Sí, cierto, no era una elección para elegir a alguien, pero era la oportunidad de darle a los colombianos y a las futuras generaciones “una paz estable y duradera” y, al mismo tiempo, de quedar bien a nivel internacional. Esto valía más que cualquier beneficio personal, pero los políticos no lo hicieron.

Y es lo mismo que siempre ha pasado: no ha habido voluntad política. Nunca se ha tenido. El Presidente puede querer hacer la paz, pero los políticos y las élites no. Siempre se ha truncado por algún lado la paz, porque ha sido inconveniente para alguien o para muchos.

Los dirigentes políticos no salieron a votar, dejaron sólo a Santos. Toda la Unidad Nacional fracasó. Tampoco luchó por no fracasar.

Quisiera estar equivocado, pero esta oportunidad también se irá, porque la paz no conviene a cierto círculo. Estamos muy infiltrados de coca y rodeados de muertos por todos lados como para que se tenga que decir la verdad en un Tribunal. Y no podemos hacer una apertura democrática porque podrían llegar otras voces con otras propuestas y de pronto ocurirían cambios que afecten el círculo actual del poder.

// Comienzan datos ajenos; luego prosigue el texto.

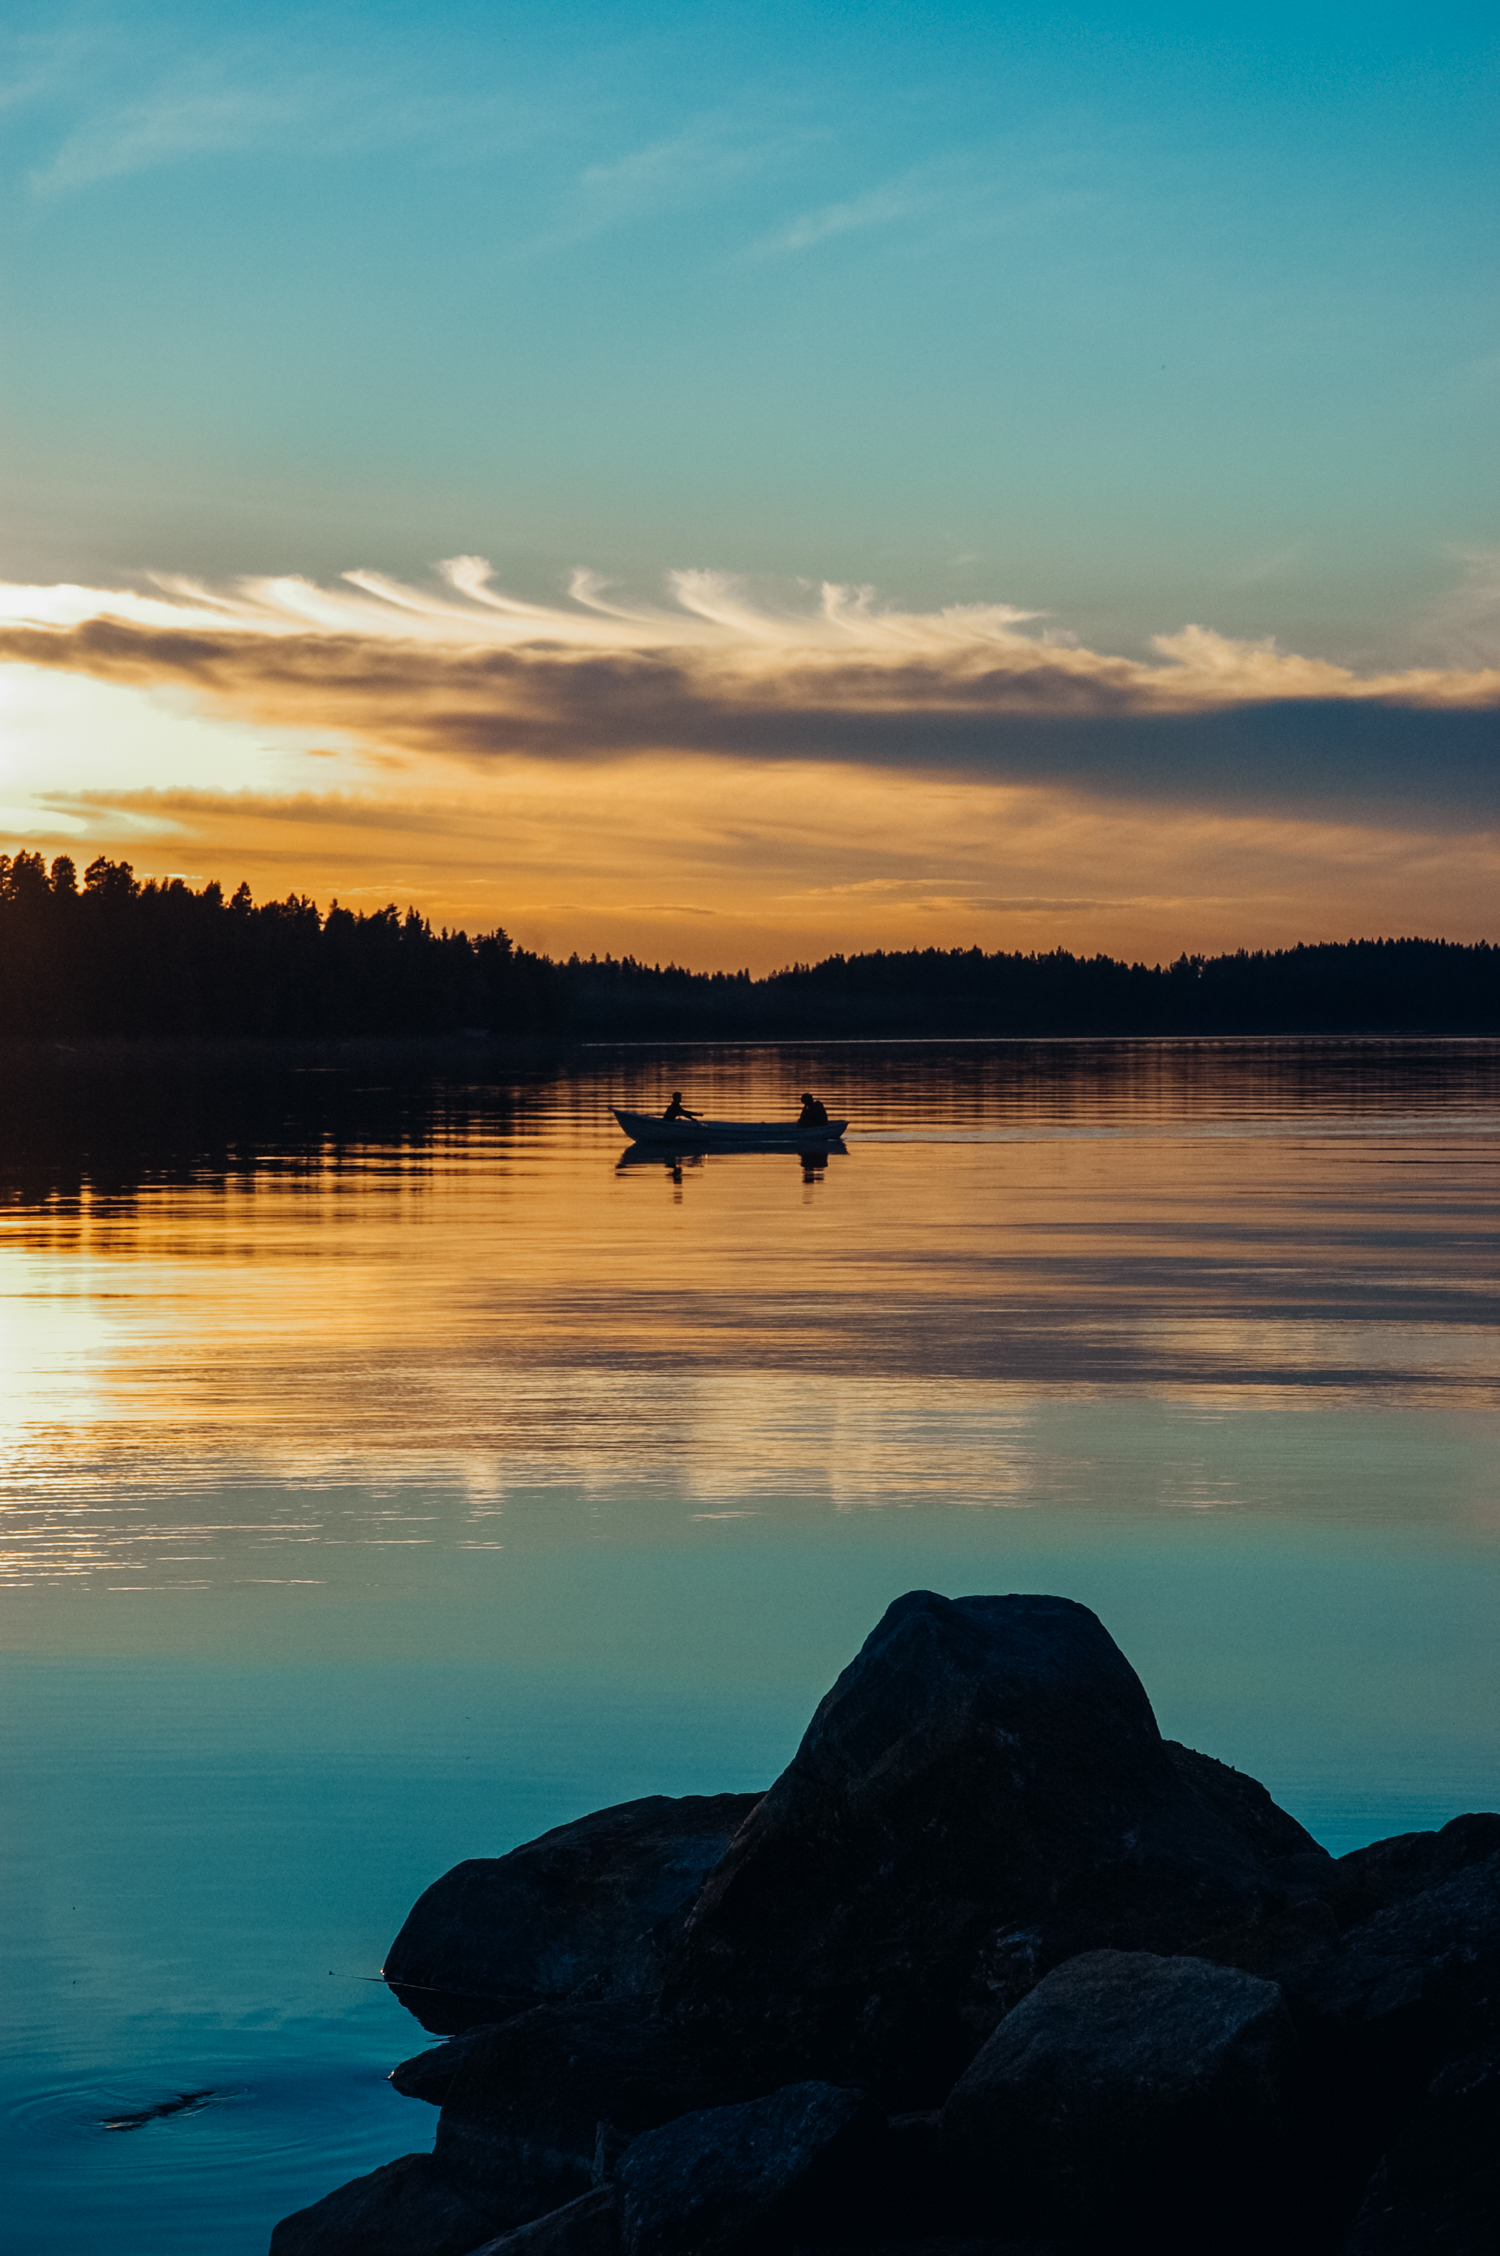 Lakeland Finland- Marianna Jamadi-23.jpg

Quienes siempre se han beneficiado con esta Colombia separada, inequitativa, corrupta, llena impunidad, hipócrita y rezandera, no permitirán que se haga un cambio que les afecte su estado de confort.

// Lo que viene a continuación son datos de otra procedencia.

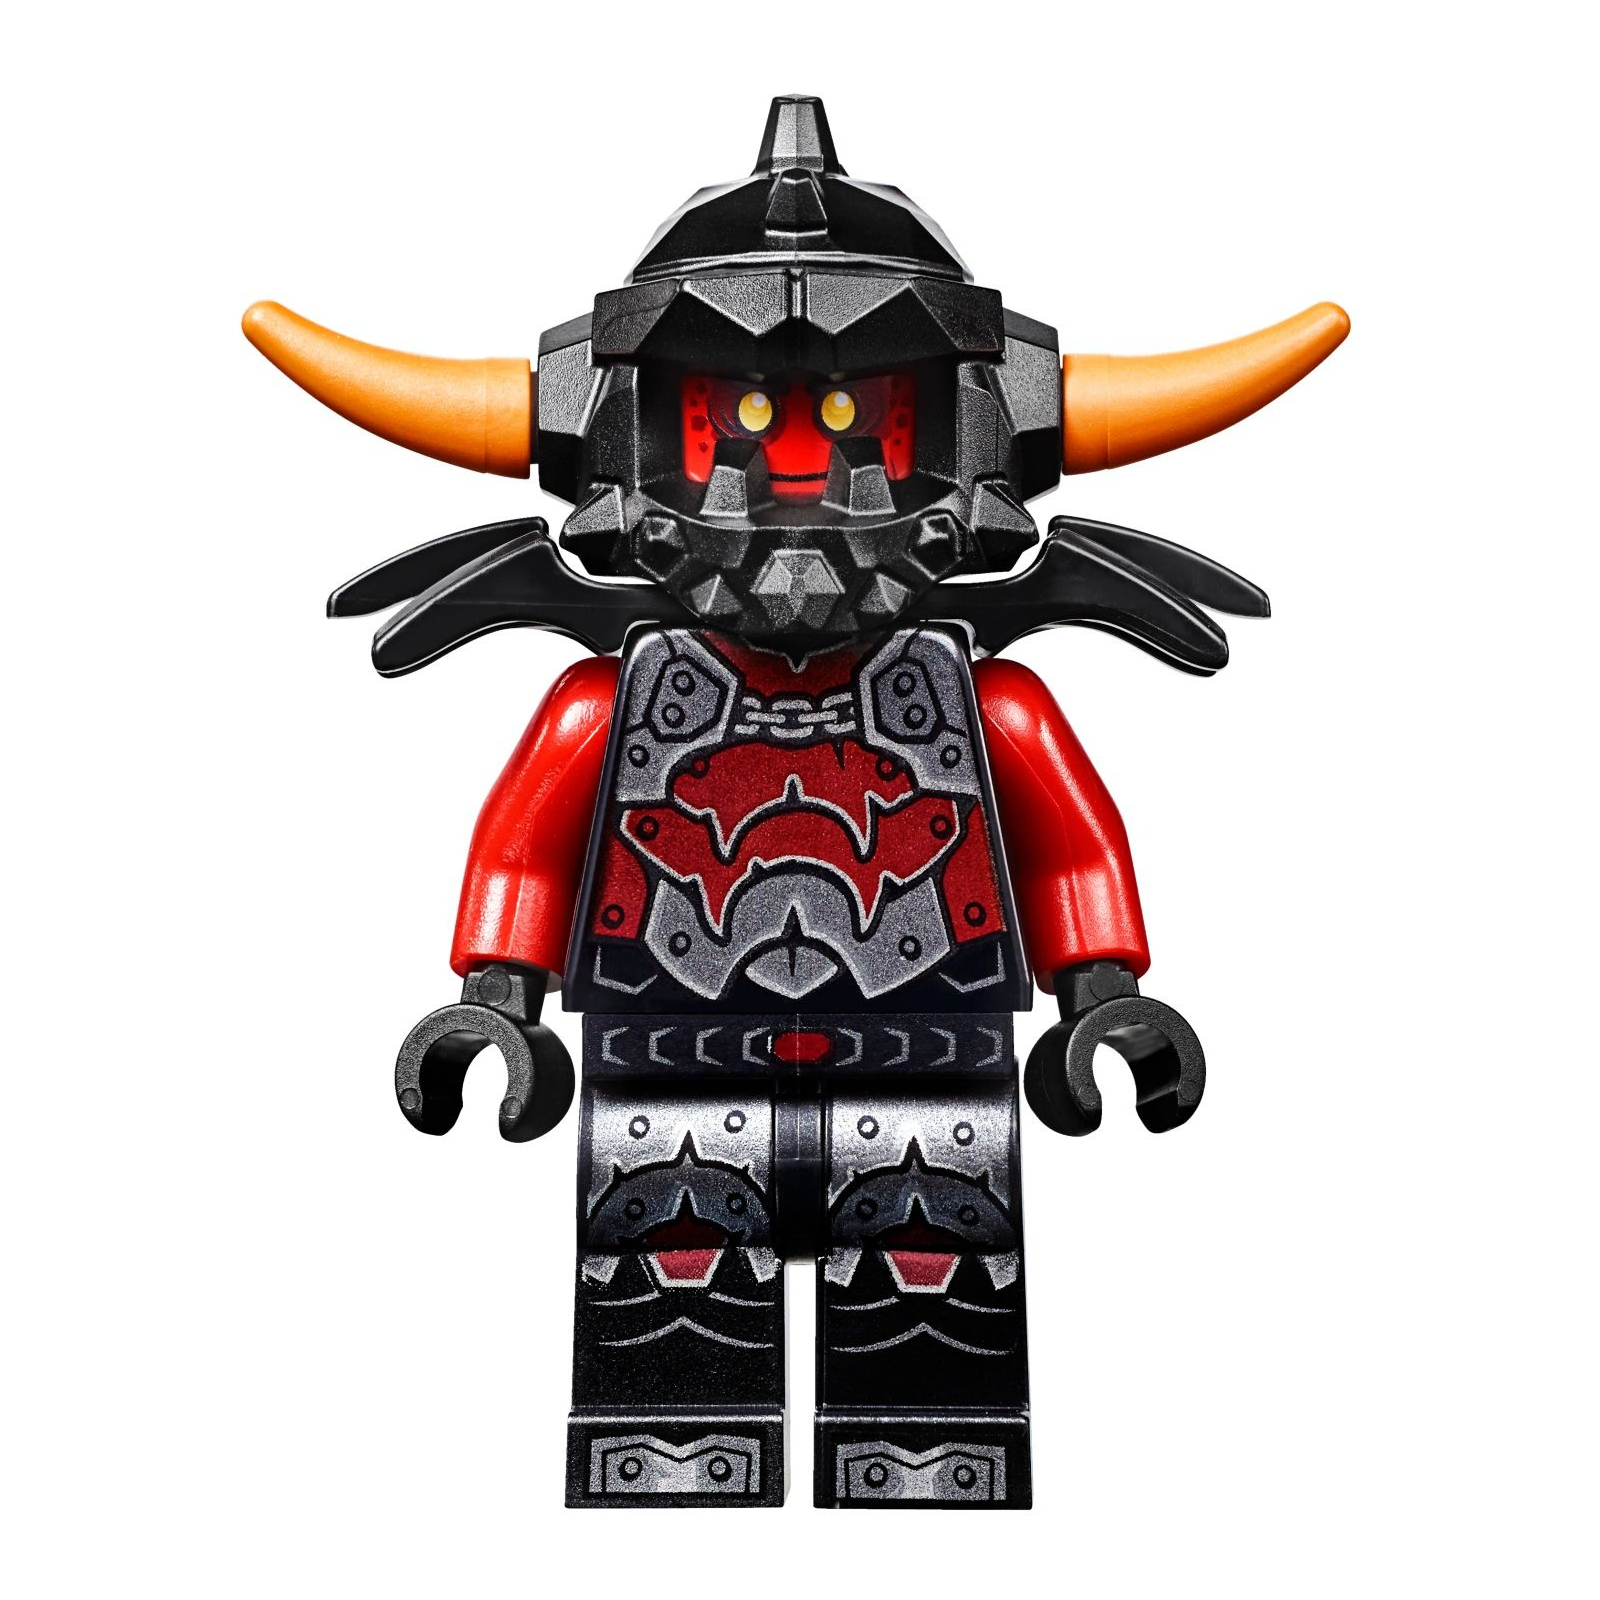 Конструктор LEGO Nexo Knights Устрашающий разрушитель Клэя (70315) изображение 8

Y así lo seguiré pensado después de haber vivido esto. No fue culpa del colombiano de a pie que votó Sí o No. Fue culpa de la clase política y de las élites que, cuando vieron la paz encima, prefirieron no mover su poder para generar un cambio en el país.

Y es la misma fuerza que siempre se ha opuesto a las reformas liberales y progresistas que se han intentado a lo largo de nuestra historia. Porque nuestra historia es el fracaso y la eterna vuelta al fracaso de todas las reformas democráticas y progresistas que se han pretendido.

Ahora, después del Nobel, el Presidente adquiere un renombre mundial y se registra una revalorización de su imagen en el país. Entonces, debe acudir a la ciudadanía, a la llamada “sociedad civil”, a los colombianos de a pie, para que, con su fuerza —que ya a comienza a manifestarse, como o revelan las multitudinarias movilizaciones de los últimos días—, le ayuden a terminar el proceso de paz. No tiene otra posibilidad, porque ya vimos que el “Estado profundo” no desea hacer la paz. Parece no haber otra salida.